EXERCISE BRIEF:
Set down each line of the material that follows exactly, and leave its pictures out.

DATASET CONTENT:
-=-=-=-=-
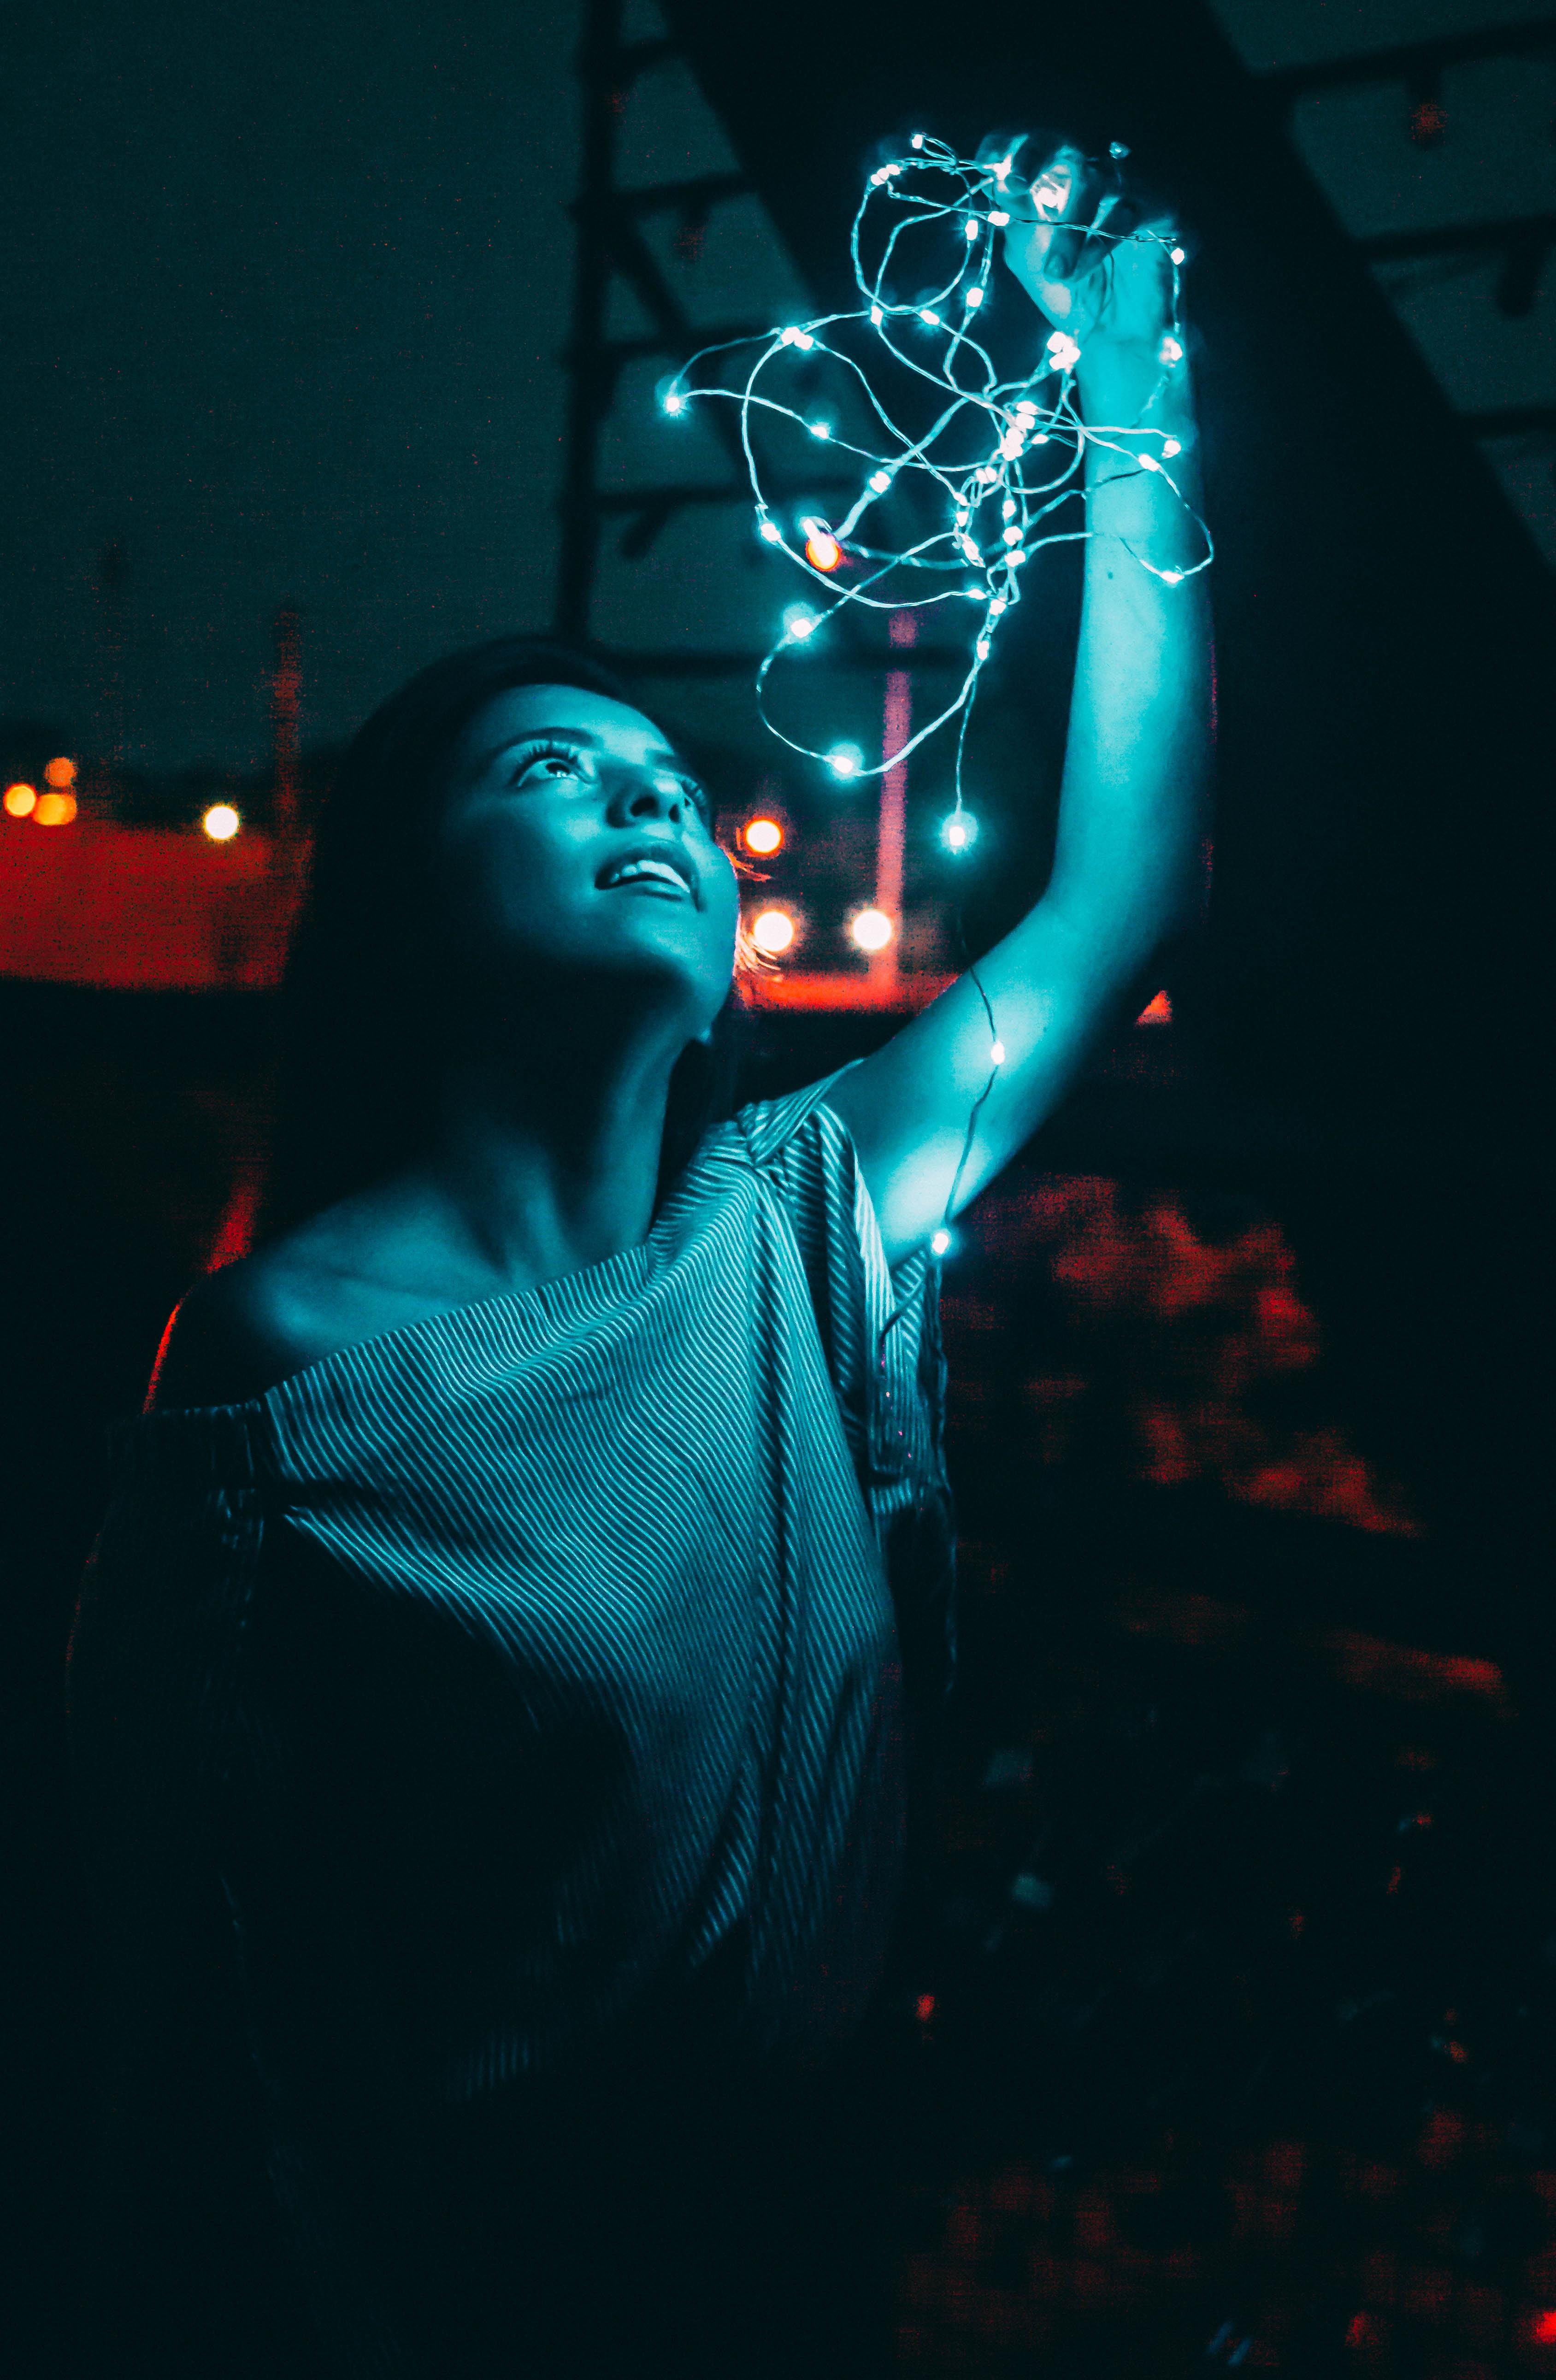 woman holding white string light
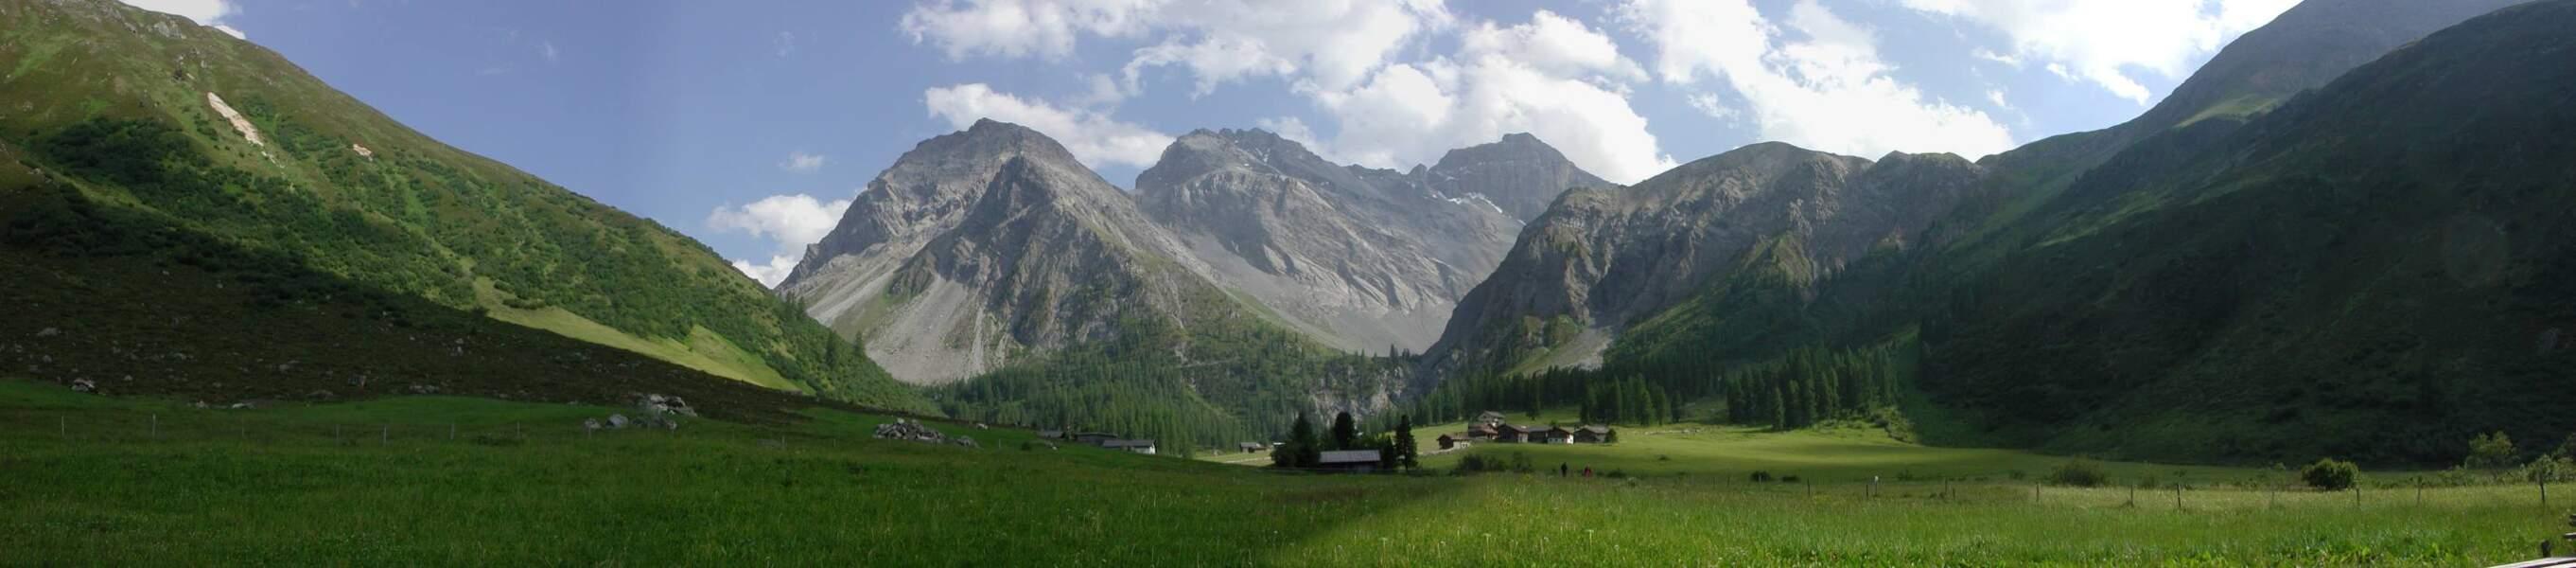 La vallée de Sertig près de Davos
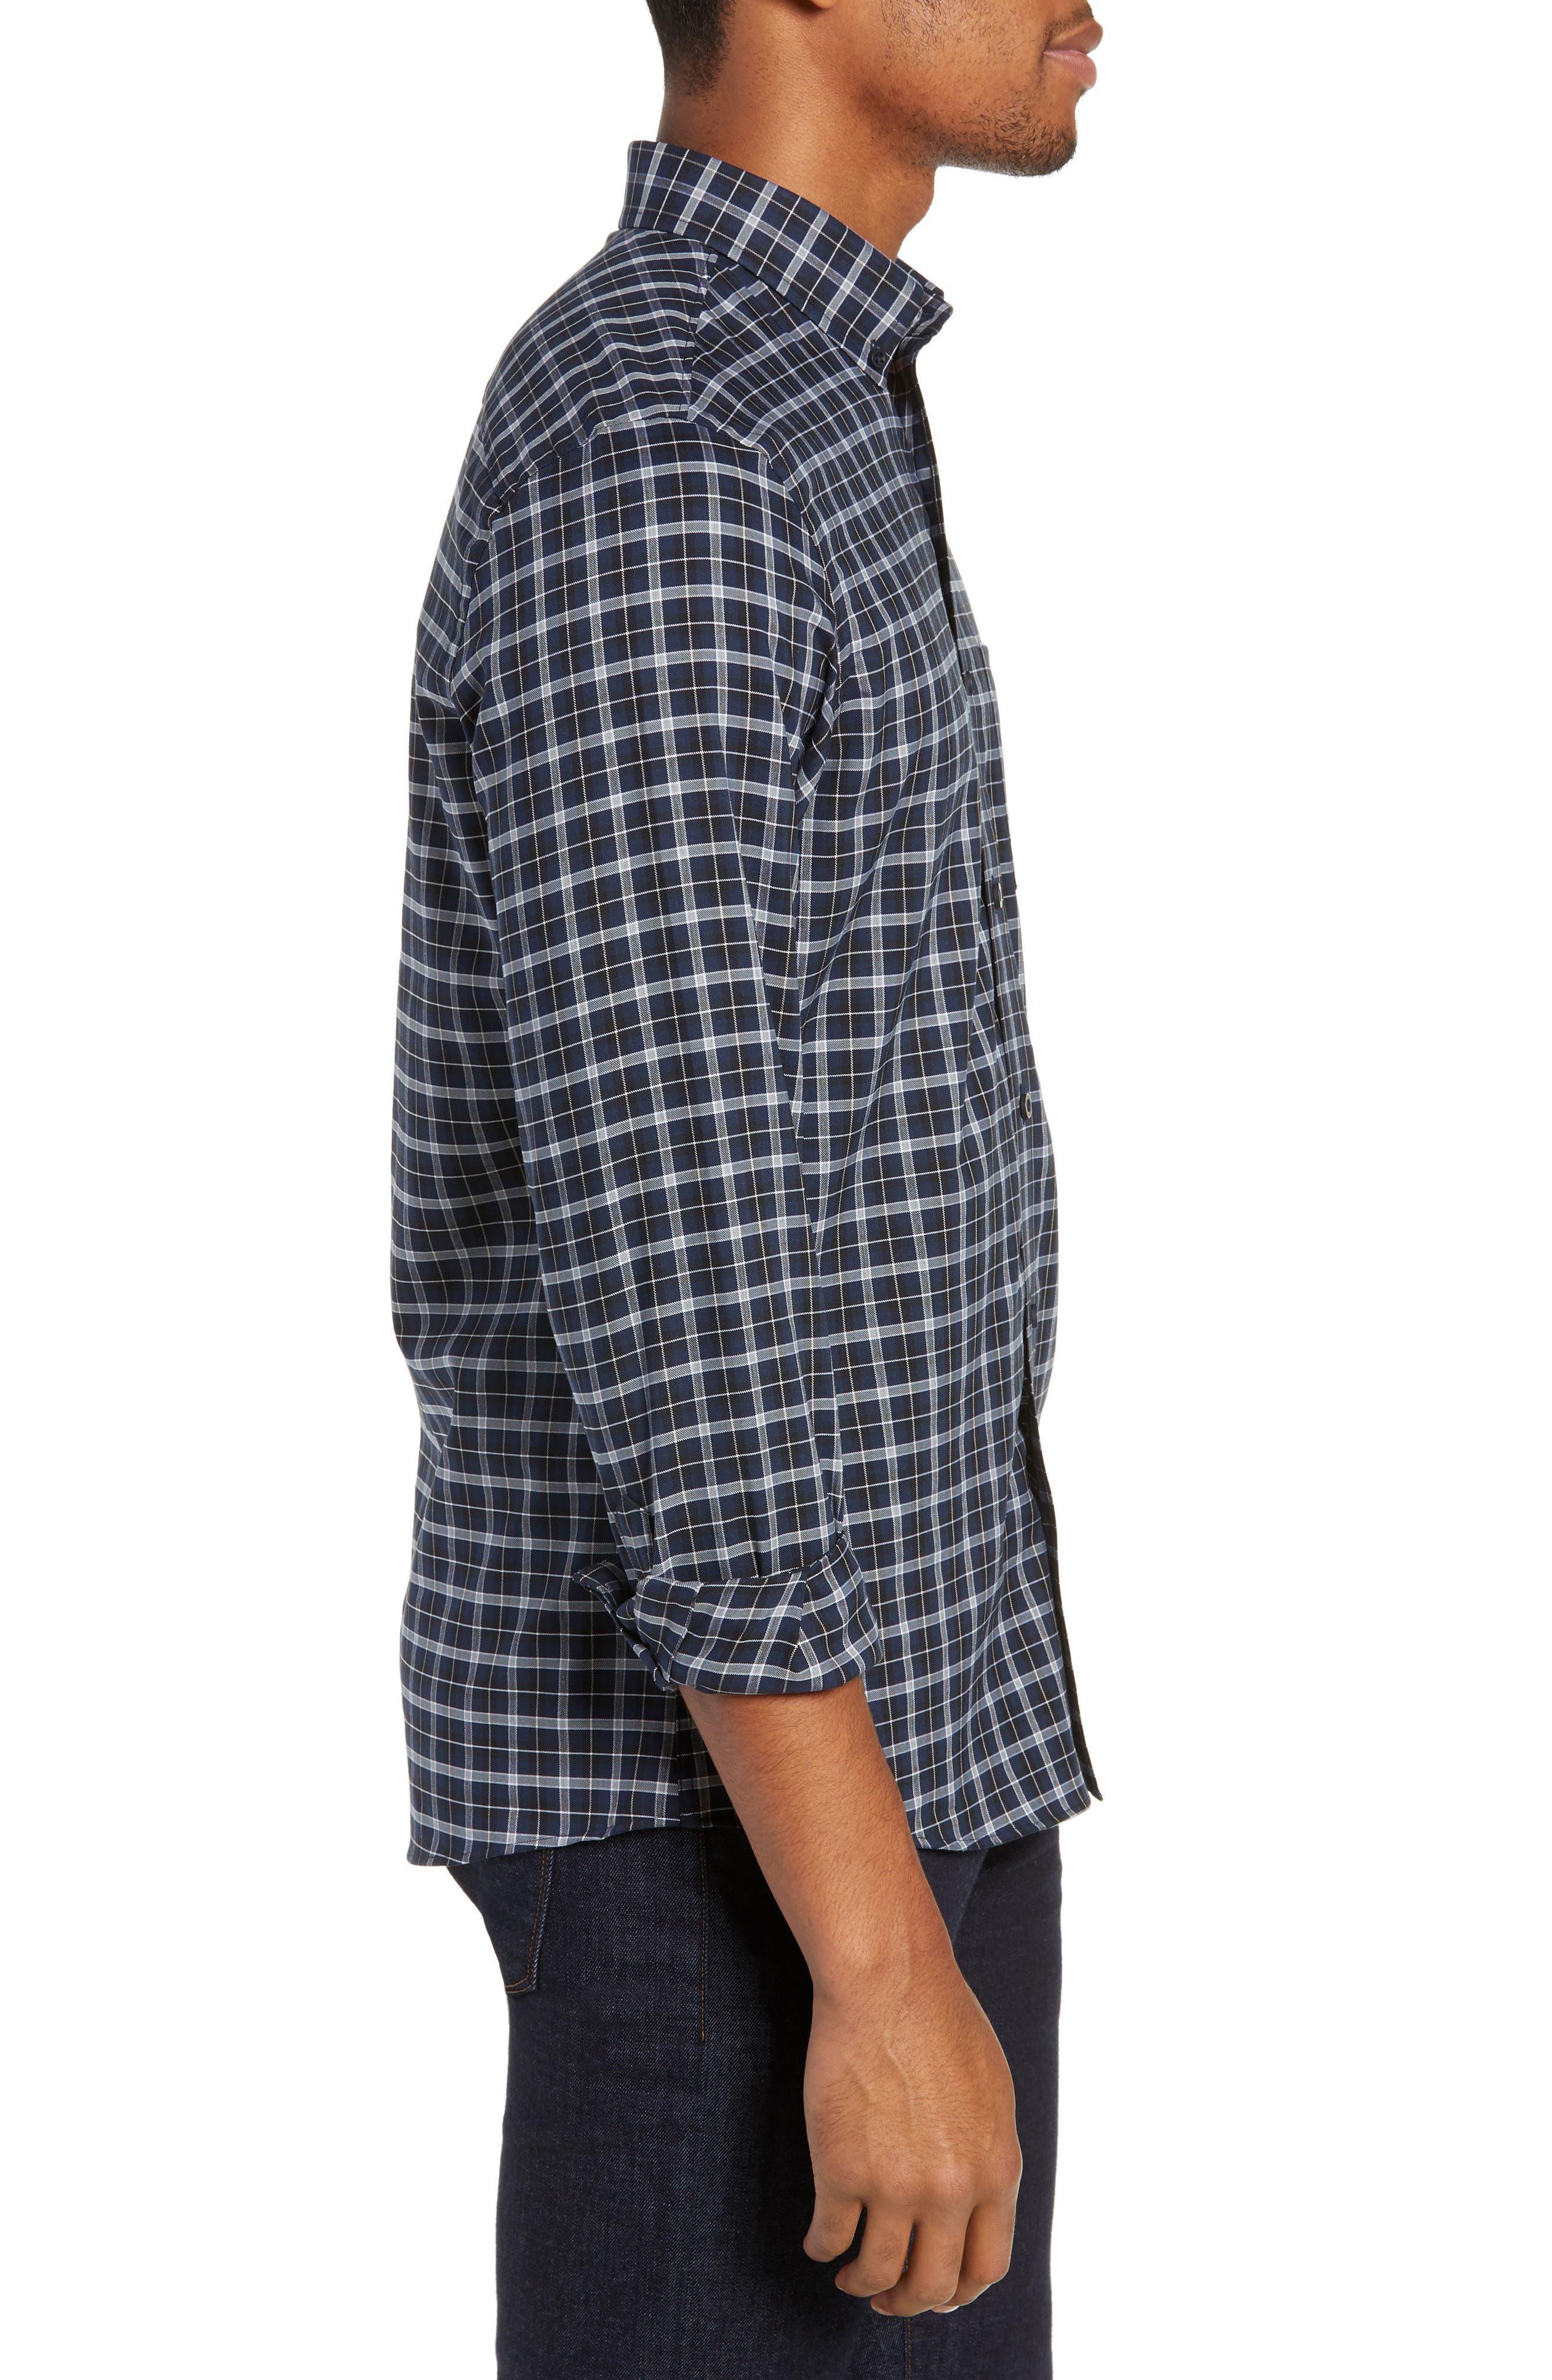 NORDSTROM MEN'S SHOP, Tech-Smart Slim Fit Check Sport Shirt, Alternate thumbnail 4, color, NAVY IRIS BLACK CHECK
-=-=-=-=-
WORKED SOLUTION:
 woman holding white string light
 La vallée de Sertig près de Davos
 NORDSTROM MEN'S SHOP, Tech-Smart Slim Fit Check Sport Shirt, Alternate thumbnail 4, color, NAVY IRIS BLACK CHECK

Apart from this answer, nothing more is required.